Category-specific Training Effect

Estimated beta maps for trained categories (both trained and untrained exemplars; TC) and untrained categories (UC) of the learning condition were submitted to a repeated-measures group-level ANOVA with factors Training and Session (pretraining/posttraining). To obtain the category-specific training effect, we computed the interaction of Training and Session as follows: (TCpost − TCpre) − (UCpost − UCpre).

Within-category Transfer

Estimated beta maps for untrained exemplars of trained categories (UE) and untrained categories (UC) of the learning condition were submitted to a repeated-measures group-level ANOVA with factors Training and Session (pretraining/posttraining).
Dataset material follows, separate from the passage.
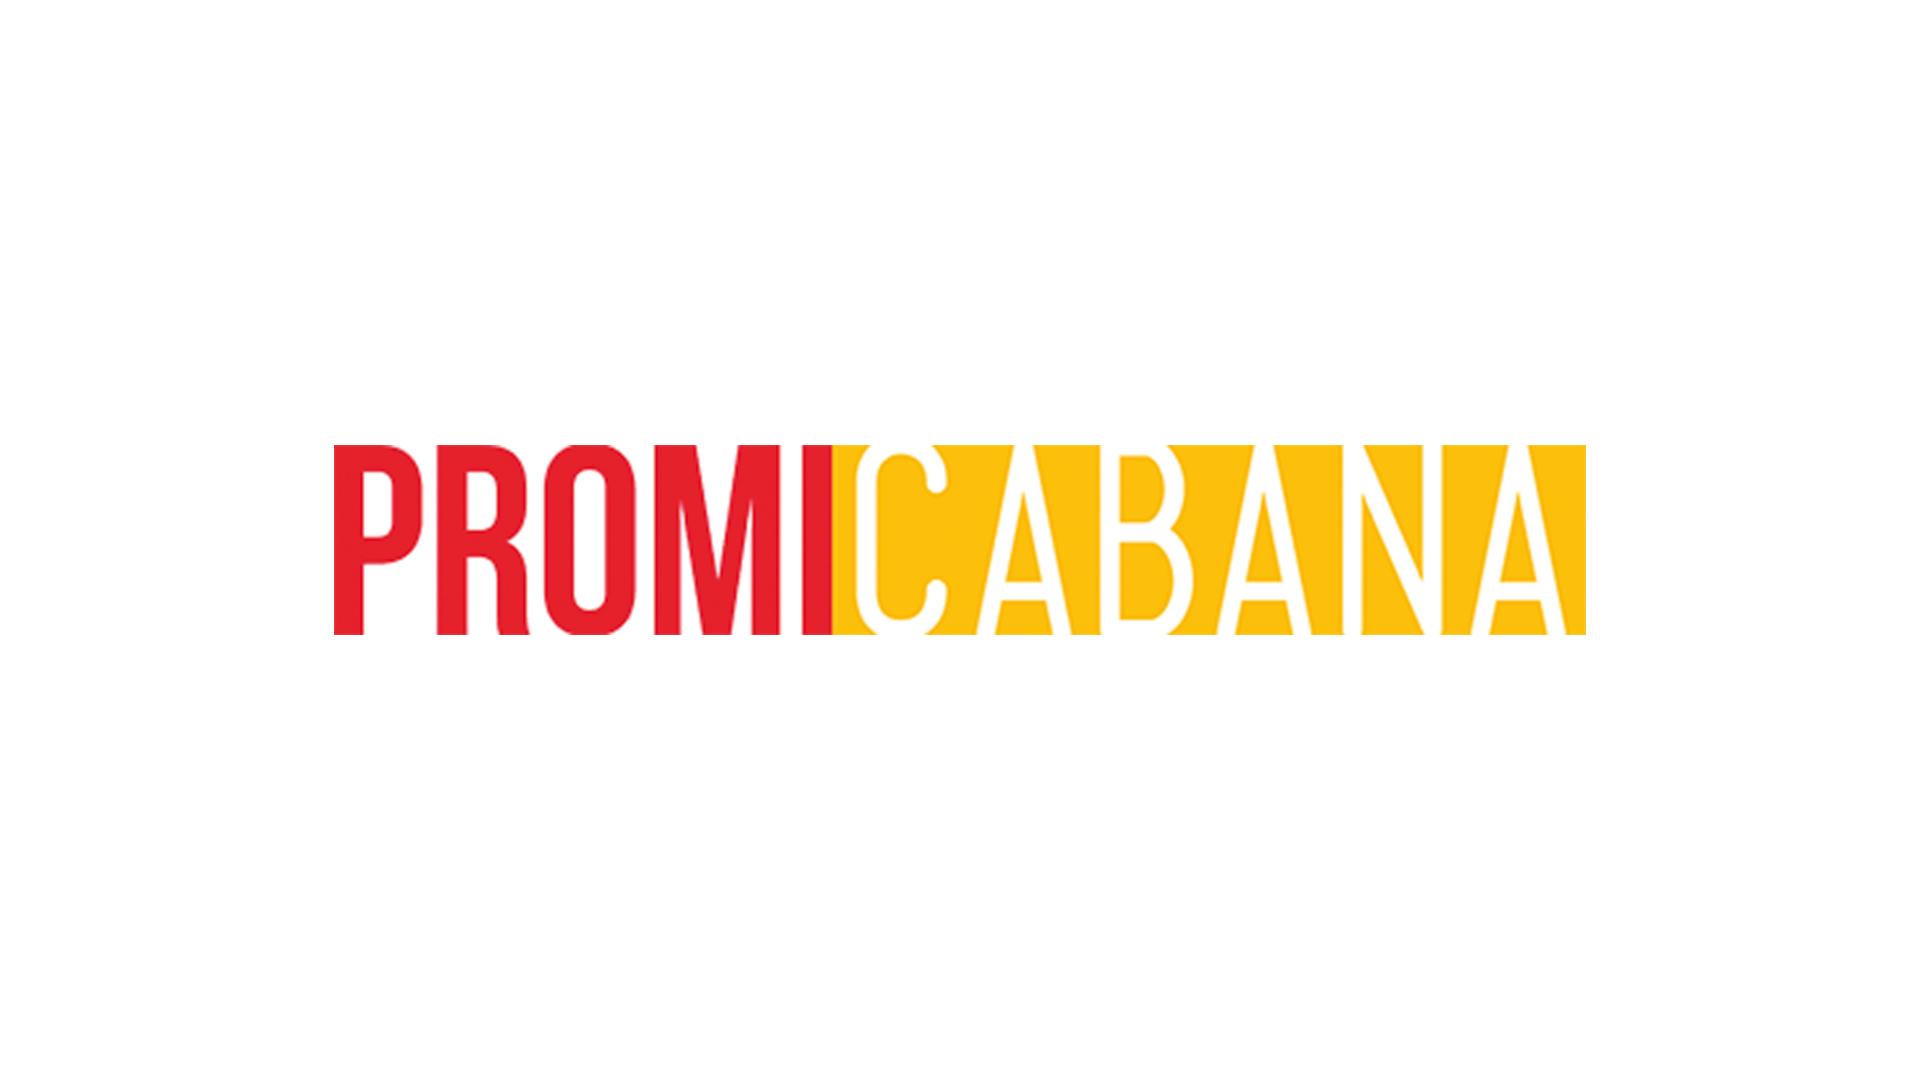 Justin-Bieber-Be-Alright-Believe-Clip

The within-category transfer was computed analogous to the category-specific training effect: (UEpost − UEpre) − (UCpost − UCpre).

Reward Effect

Because of the exemplar specificity of reward reinforcement at the behavioral level, we restricted the analysis at the group level to trained exemplars of trained categories (TE). Two different analyses were performed. In the first analysis, using repeated-measures ANOVA with factors Session (pretraining/posttraining) and Reward (low reward and high reward), we tested for an interaction of reward and session.

In a second post hoc analysis, we tested for a correlation of the behavioral and neural reward effects. At the neural level, we computed first-level contrasts of the reward effect as follows: (TEhigh,post − TEhigh,pre) − (TElow,post − TElow,pre). Analogously, we computed the behavioral reward effect for each participant as the performance improvement for high-rewarded trained exemplars minus the improvement for low-rewarded trained exemplars. This allowed us to correlate behavioral reward effects with neural reward effects. Because we were interested in modulatory effects of reward reinforcement on top of the training effects, we restricted this analysis to regions that showed a category-specific training effect. To this end, we generated post hoc spherical ROIs with 12-mm radius, centered at the peak voxels of the category-specific training effect in the bilateral inferior hippocampus.

RESULTS

Category-specific Perceptual Learning

Figure 2A shows the recognition performance for trained exemplars over the course of five sessions. A two-way ANOVA with repeated measures on the proportion of correct responses revealed a significant main effect of Session (F(4, 68) = 32.8, p < .001) and ISI (F(2, 34) = 166.5, p < .001) and a significant interaction (F(8, 136) = 5.9, p < .001). We found similar effects for response times (Figure 2B), which showed a main effect of Session (F(4, 68) = 3.8, p = .008), a main effect of ISI (F(2, 34) = 33.9, p < .001), and a Session × ISI interaction (F(8, 136) = 2.1, p = .043).

Figure 2. 

Perceptual learning across five sessions. Error bars represent SEM. (A) Learning curves for trained exemplars based on proportion of correct responses (referred to as performance). (B) RTs for trained exemplars.

Figure 2. 

Perceptual learning across five sessions. Error bars represent SEM. (A) Learning curves for trained exemplars based on proportion of correct responses (referred to as performance). (B) RTs for trained exemplars.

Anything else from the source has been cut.